WORK TASK:
The output is a word-for-word repeat of the listing below, free of images.

GIVEN DATA:
╔══
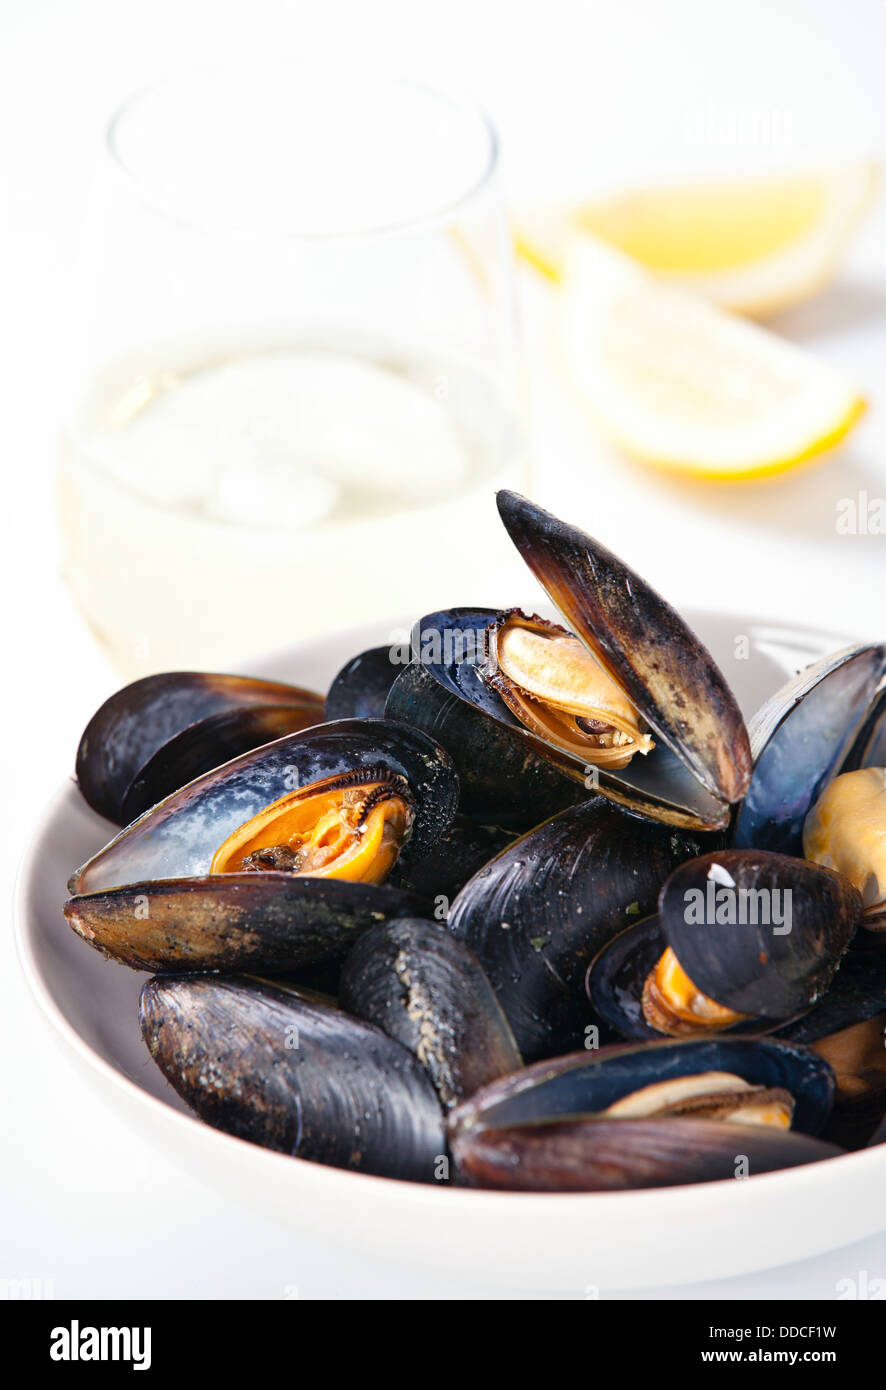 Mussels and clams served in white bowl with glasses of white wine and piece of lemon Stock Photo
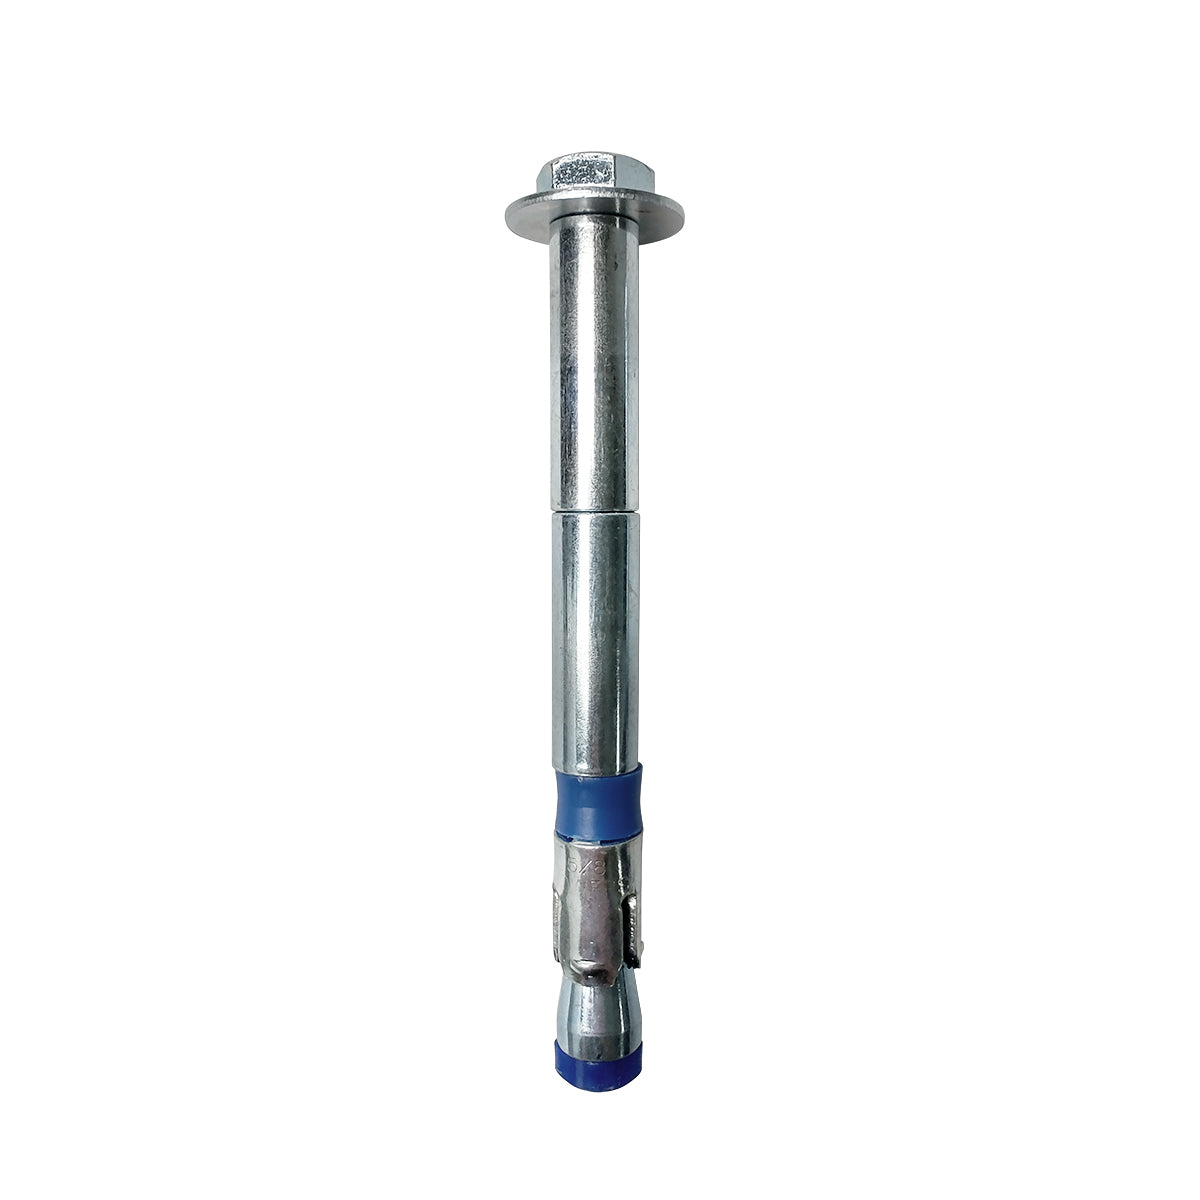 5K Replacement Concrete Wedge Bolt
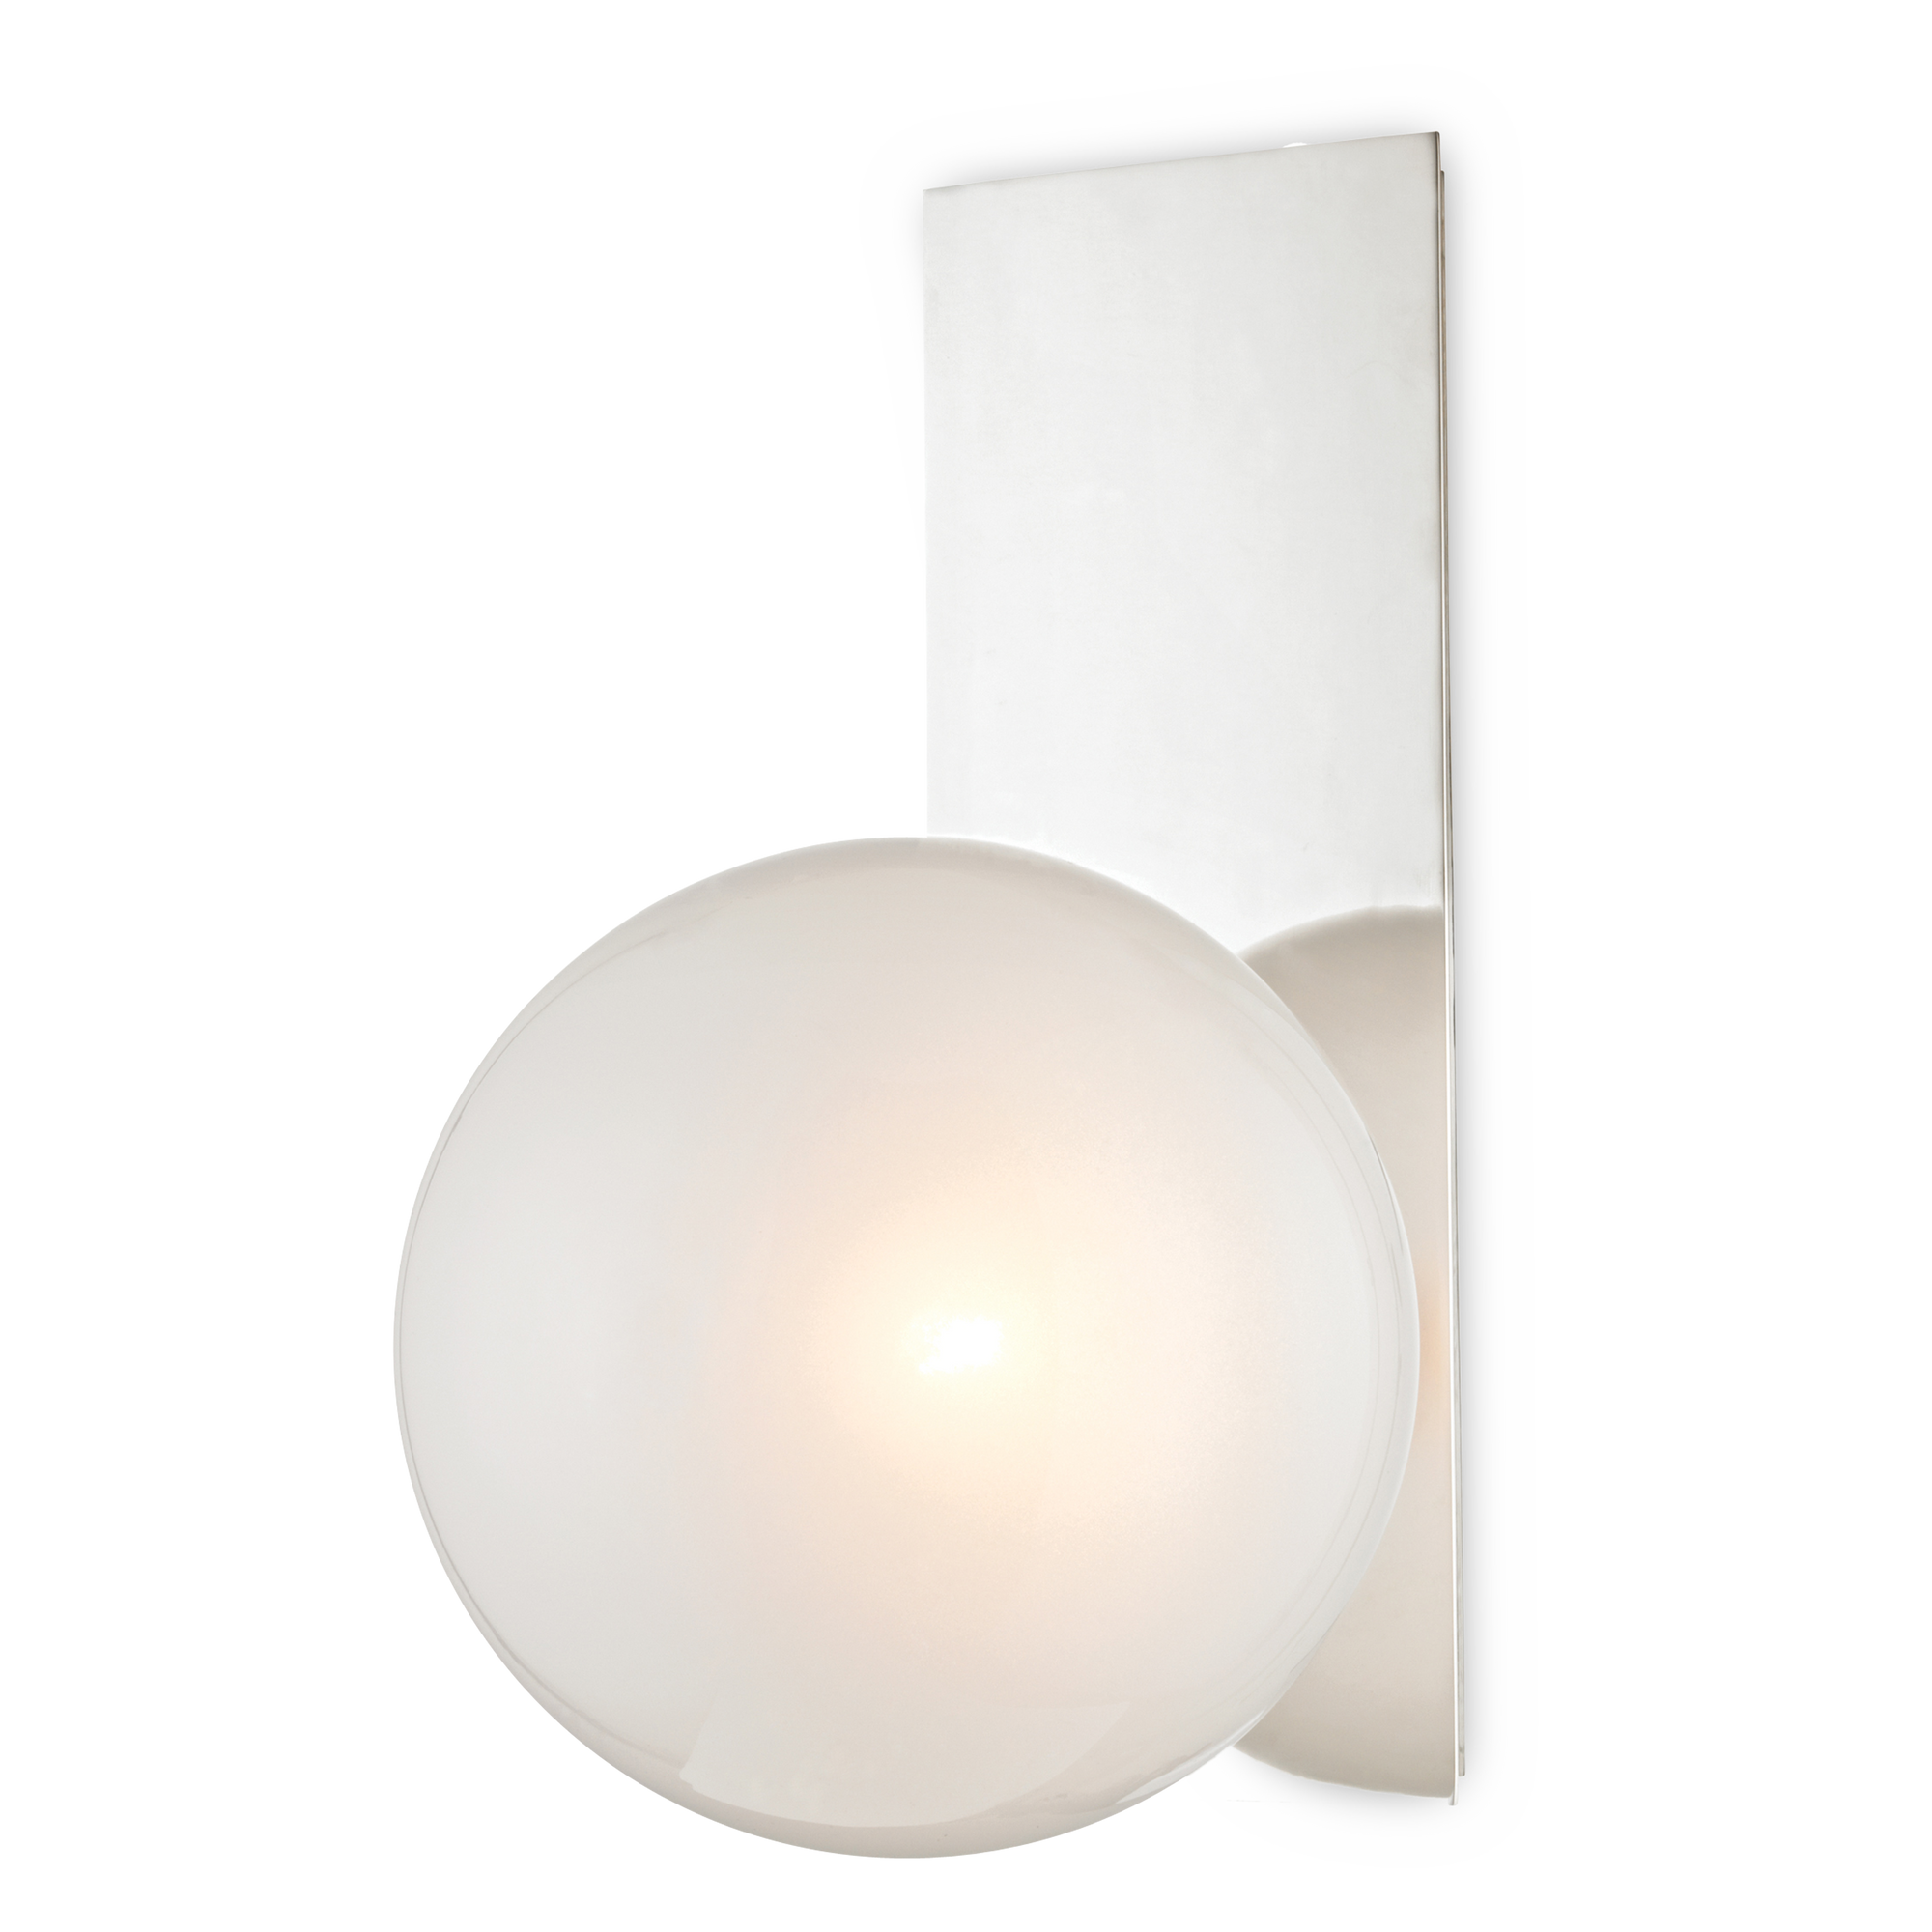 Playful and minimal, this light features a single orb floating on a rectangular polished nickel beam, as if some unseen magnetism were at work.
╚══
ANSWER TO THIS TASK:
 Mussels and clams served in white bowl with glasses of white wine and piece of lemon Stock Photo
 5K Replacement Concrete Wedge Bolt
 Playful and minimal, this light features a single orb floating on a rectangular polished nickel beam, as if some unseen magnetism were at work.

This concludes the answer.